Sean Rowlands

Personal information
- Born: 12 September 1966 (age 59) London, England
- Height: 188 cm (6 ft 2 in)
- Weight: 92 kg (203 lb)

Sport
- Sport: Field hockey
- Position: Goalkeeper

Senior career
- Years: Team / Caps / Goals
- 1985–1986: Lewes / - / -
- 1986–1988: Leicester Westleigh / - / -
- 1988–1995: Havant / - / -

National team
- Years: Team / Caps / Goals
- –: Great Britain /  / -
- –: England /  / -

Medal record
Men's field hockey
Representing England
European Championship
| Bronze medal – third place | 1991 Paris | Team |

= Sean Rowlands =

British field hockey player

Sean Anthony Rowlands (born 12 September 1966) is a British former field hockey player who competed in the 1992 Summer Olympics.

== Biography ==
Rowlands studied at Durham University and represented England Under 21's at field hockey while still an undergraduate.

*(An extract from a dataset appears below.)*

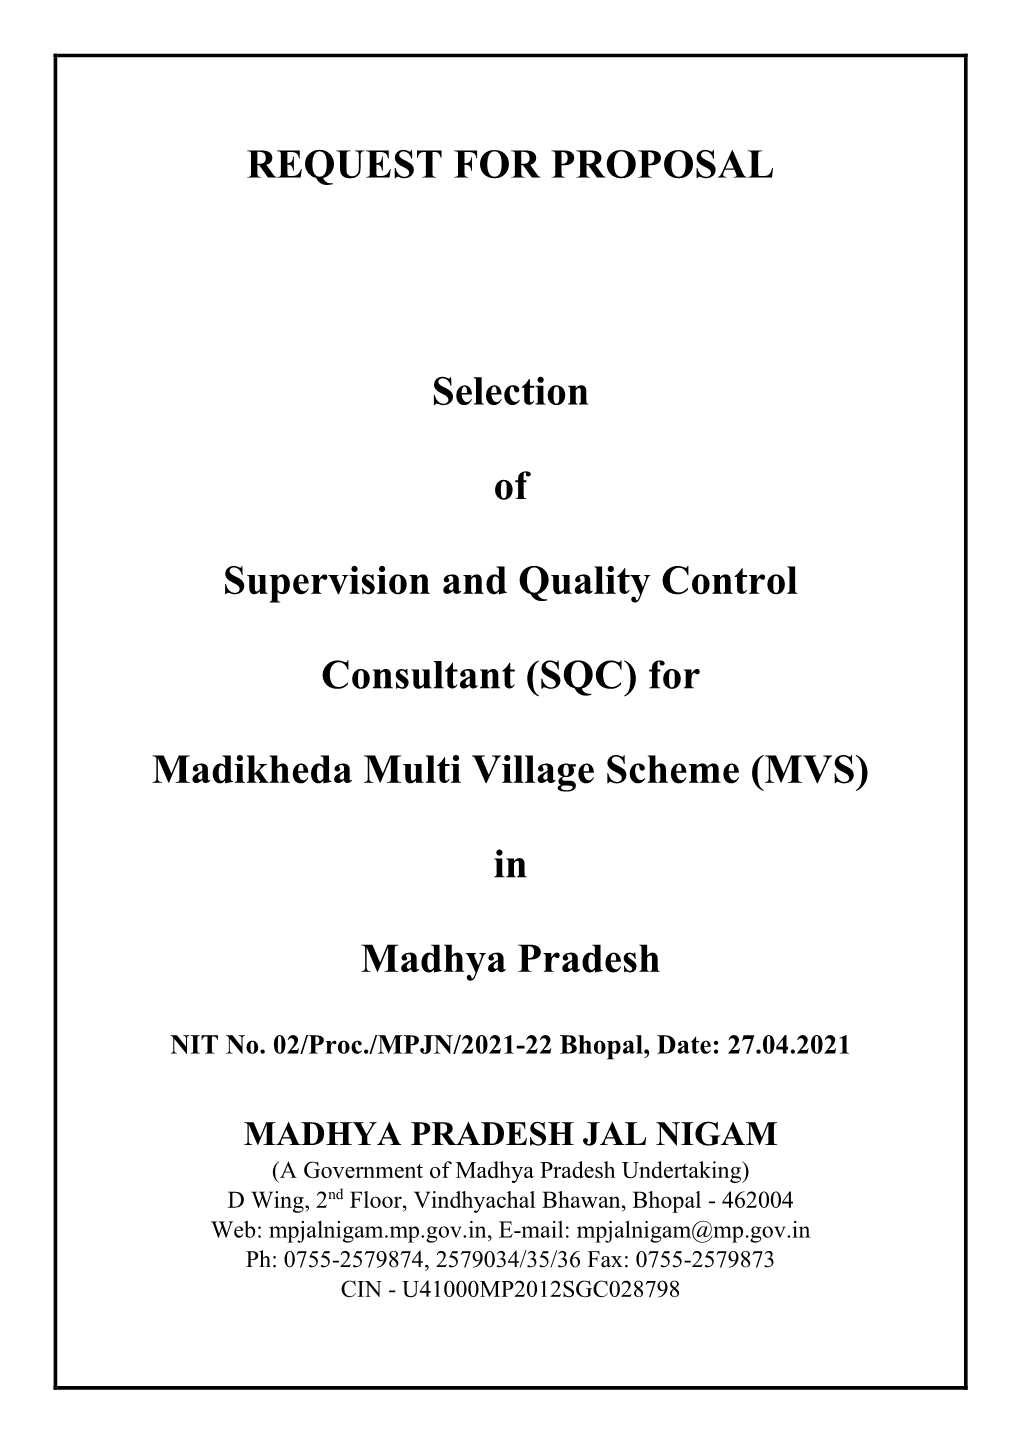 (SQC) for Madikheda Multi Village Scheme (MVS) in Madhya Pradesh

He played club hockey for Lewes and then Leicester Westleigh, with the latter making his Great Britain debut at the six nations tournament in Barcelona in January 1988. Later that year, Rowlands joined Havant in the Men's England Hockey League for the 1988/89 season.

While at Havant, he represented England at the 1990 Men's Hockey World Cup and Great Britain at the 1992 Olympic Games in Barcelona.

Rowlands won three league titles with Havant in 1990/91, 1991/92 and 1993/94, before he retired after the 1995 season.